- Provided information
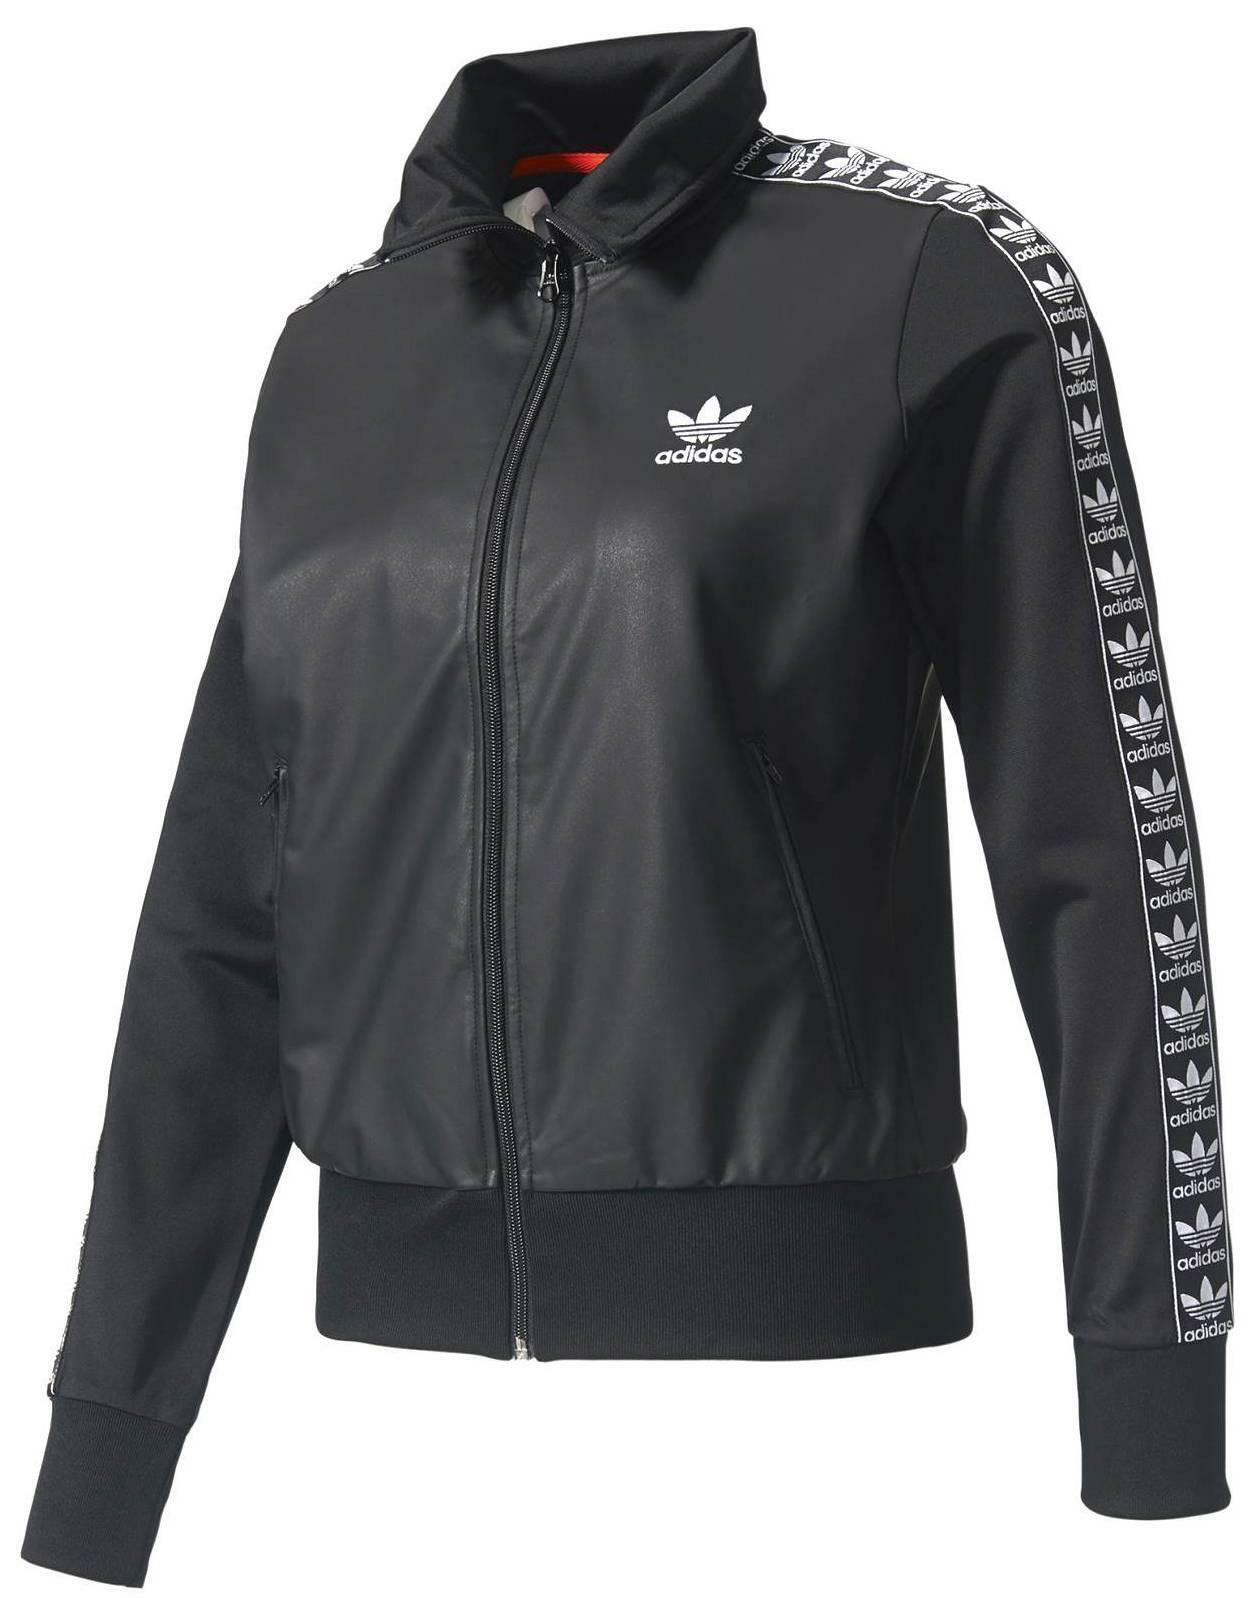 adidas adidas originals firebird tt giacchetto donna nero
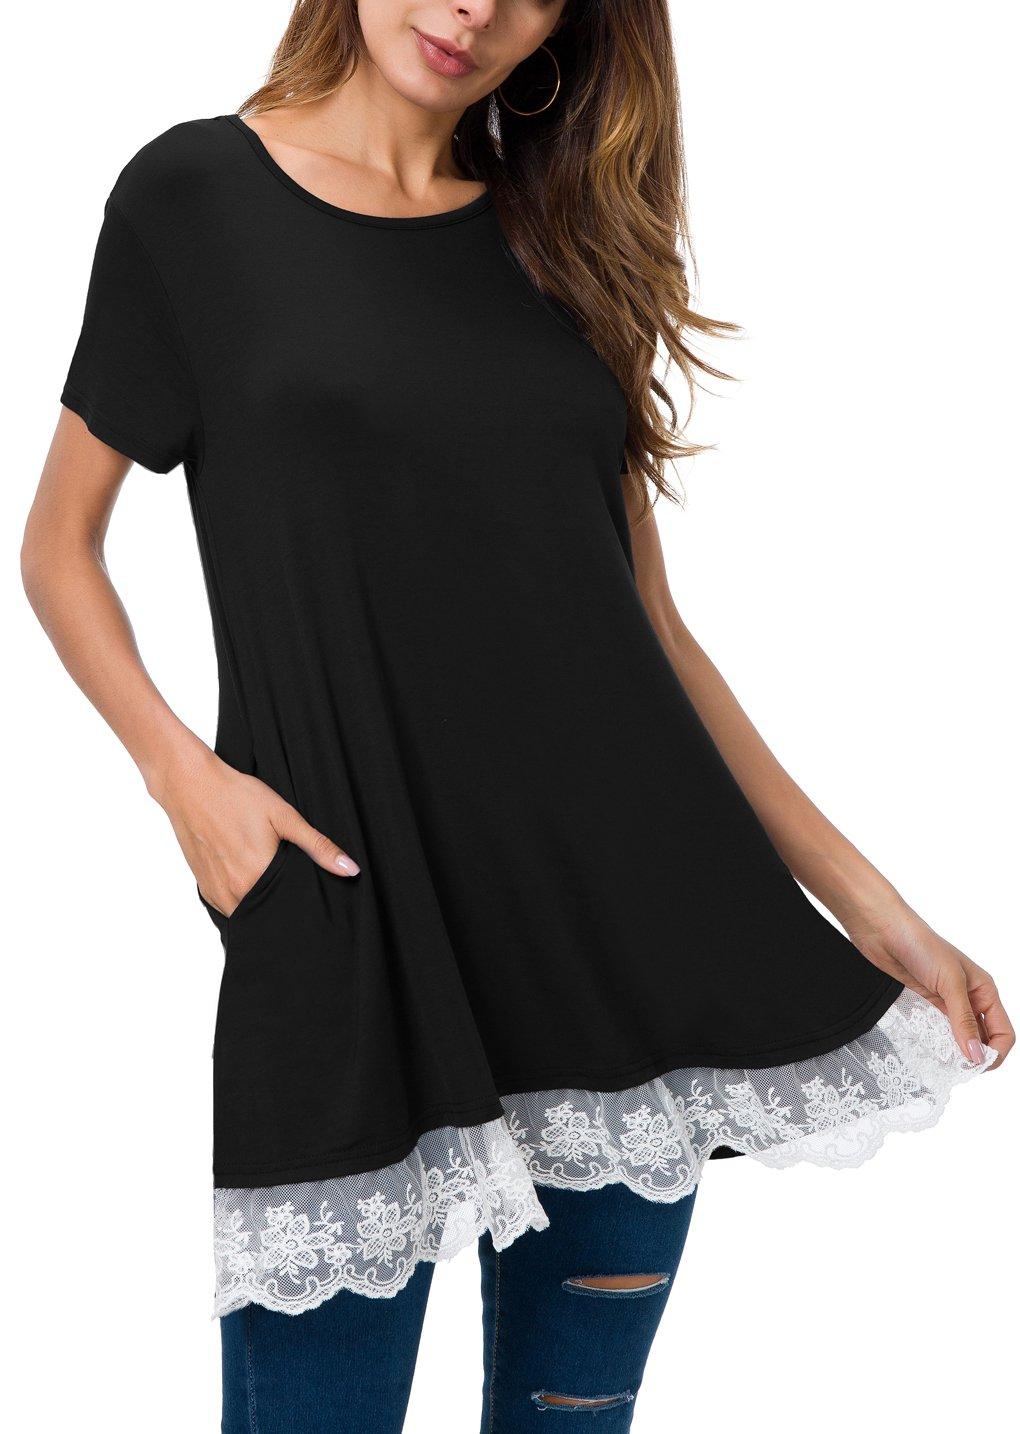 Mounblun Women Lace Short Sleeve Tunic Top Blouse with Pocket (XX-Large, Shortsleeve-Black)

...

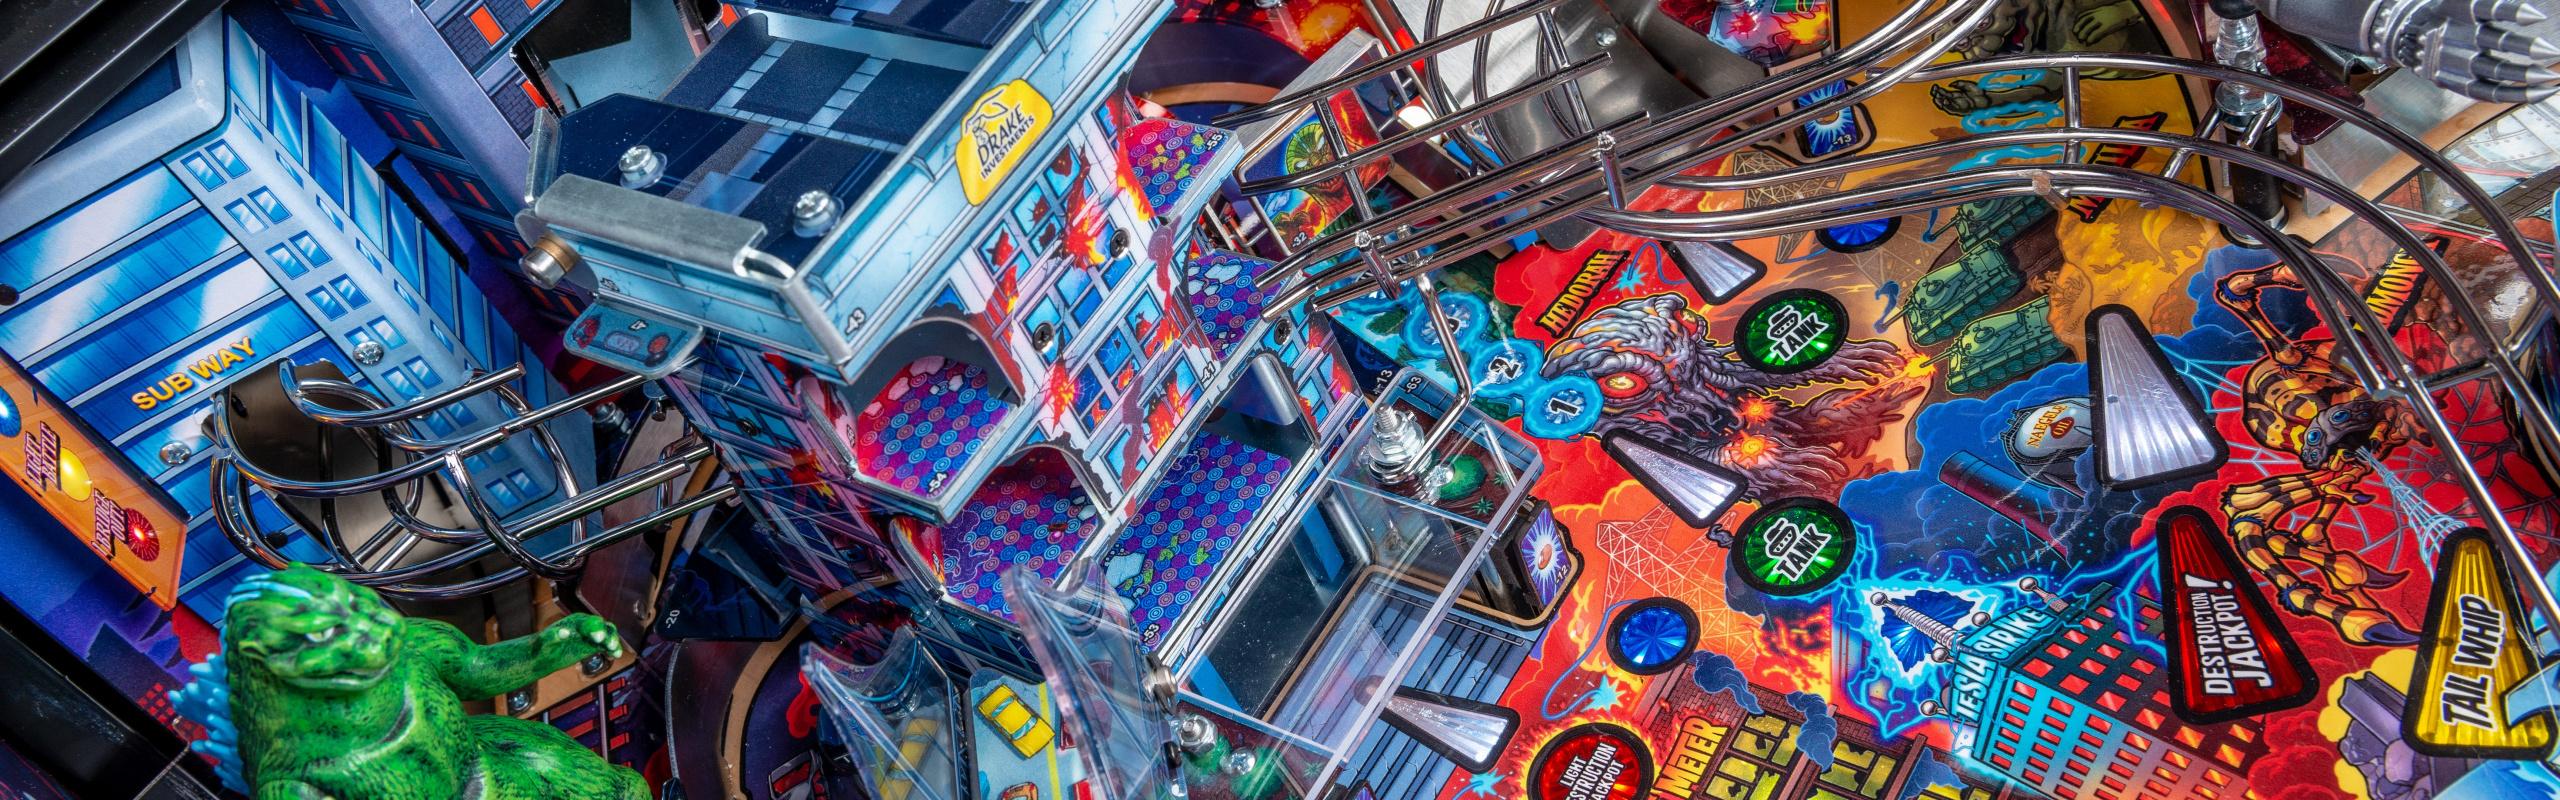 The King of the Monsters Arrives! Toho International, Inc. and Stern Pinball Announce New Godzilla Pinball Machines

- Work to complete
In the listing above, find the line containing "adidas adidas originals" and the line containing "Mounblun Women Lace", then write out both of them and every line between, exactly, with no pictures.

- Written reply
 adidas adidas originals firebird tt giacchetto donna nero
 Mounblun Women Lace Short Sleeve Tunic Top Blouse with Pocket (XX-Large, Shortsleeve-Black)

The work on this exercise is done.